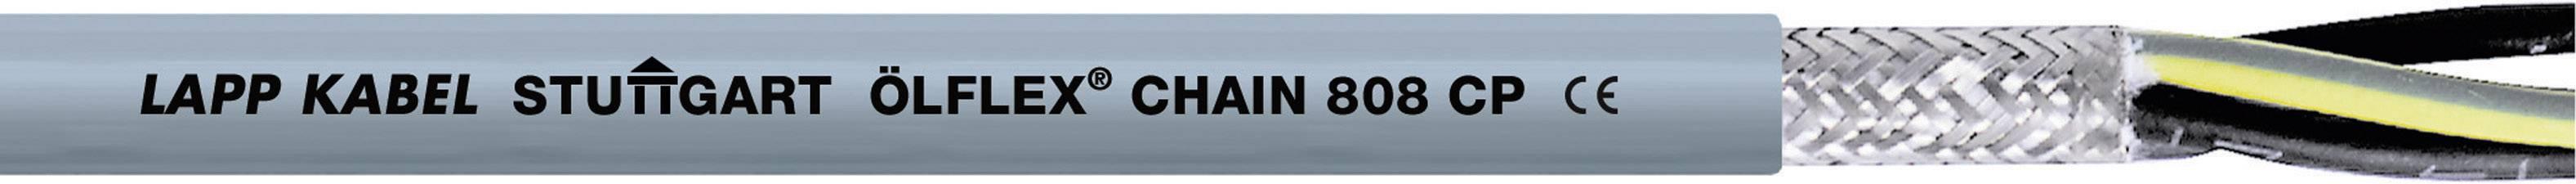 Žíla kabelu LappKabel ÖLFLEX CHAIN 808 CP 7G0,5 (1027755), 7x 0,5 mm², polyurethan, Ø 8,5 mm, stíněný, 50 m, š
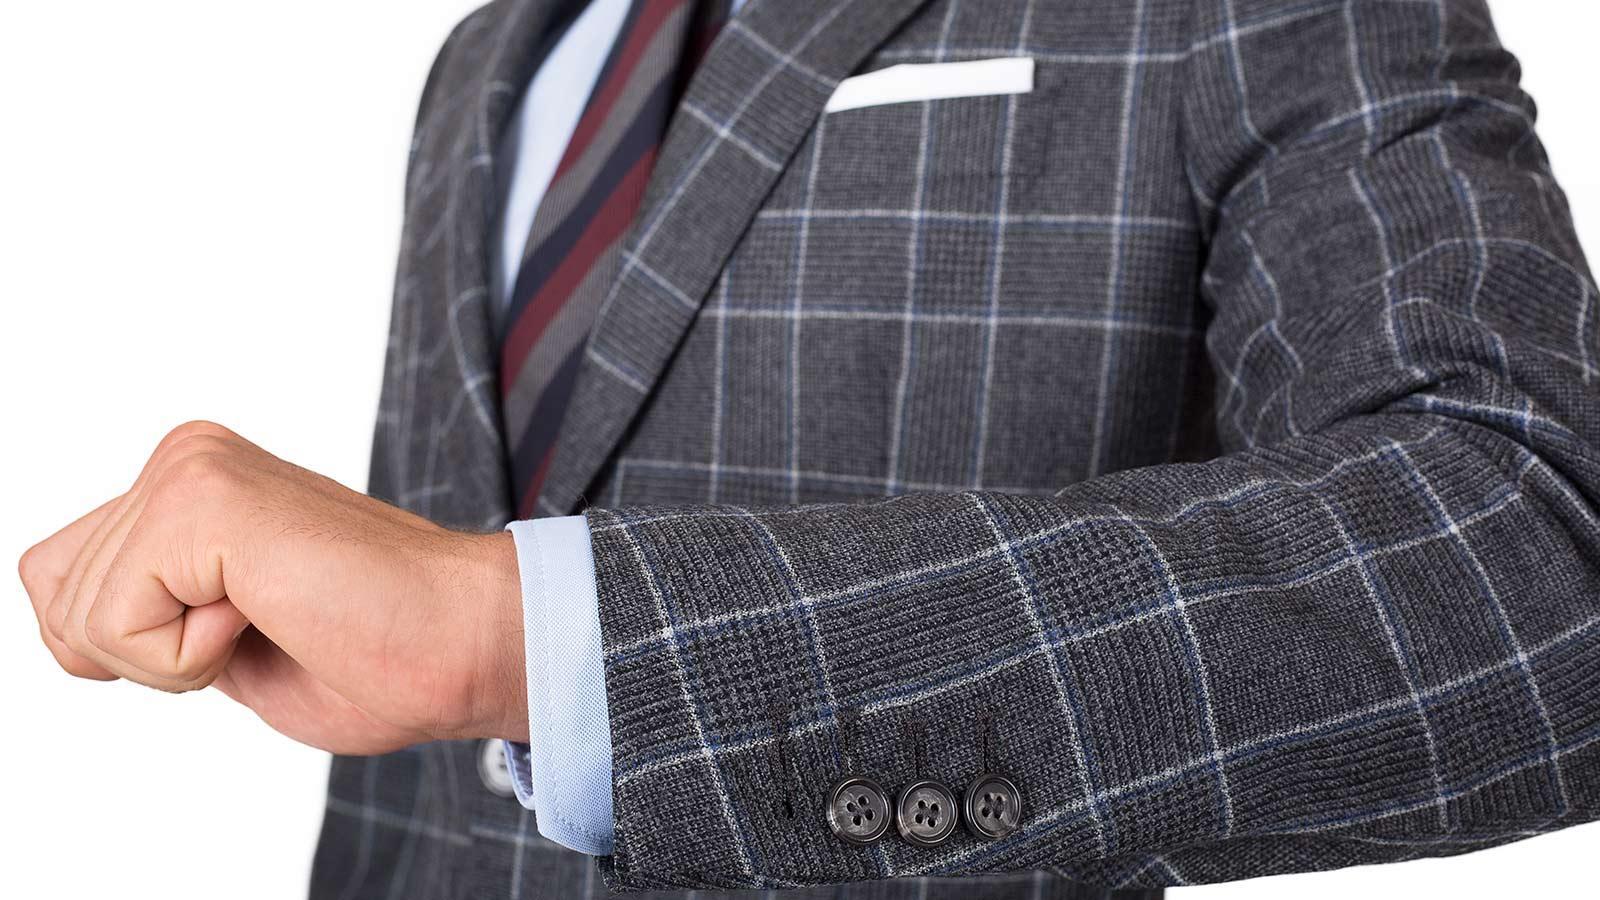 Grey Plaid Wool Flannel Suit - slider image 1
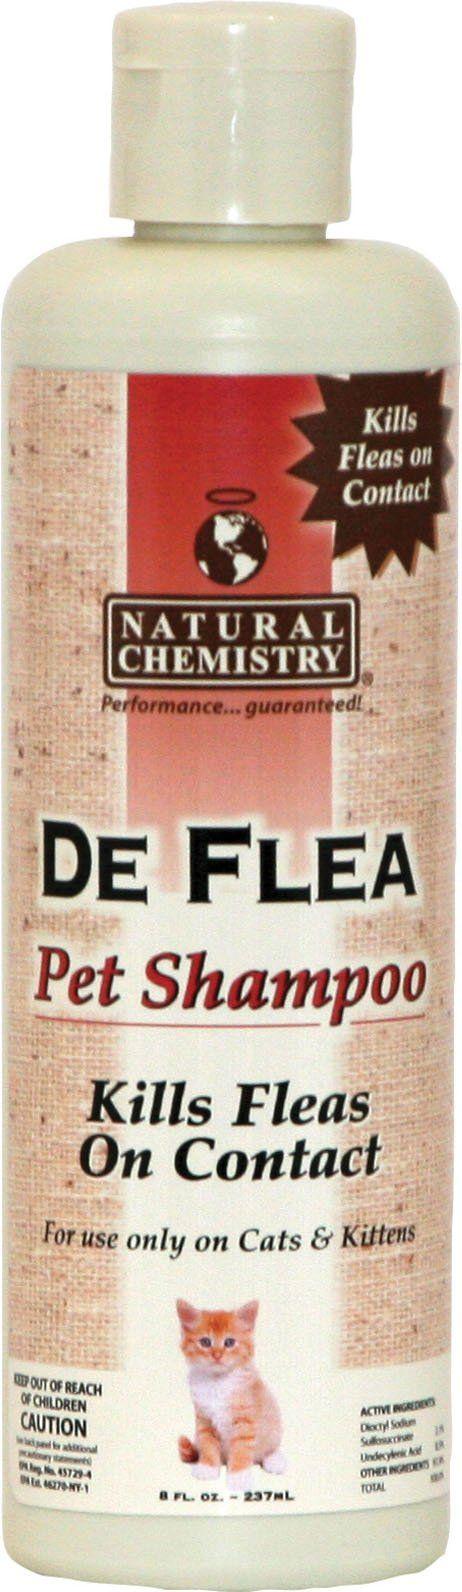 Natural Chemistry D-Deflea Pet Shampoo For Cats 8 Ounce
· · · · · · ·
** EXERCISE DIRECTIONS **
Reproduce the material word for word, pictures excluded.

** TASK ANSWER **
 Žíla kabelu LappKabel ÖLFLEX CHAIN 808 CP 7G0,5 (1027755), 7x 0,5 mm², polyurethan, Ø 8,5 mm, stíněný, 50 m, š
 Grey Plaid Wool Flannel Suit - slider image 1
 Natural Chemistry D-Deflea Pet Shampoo For Cats 8 Ounce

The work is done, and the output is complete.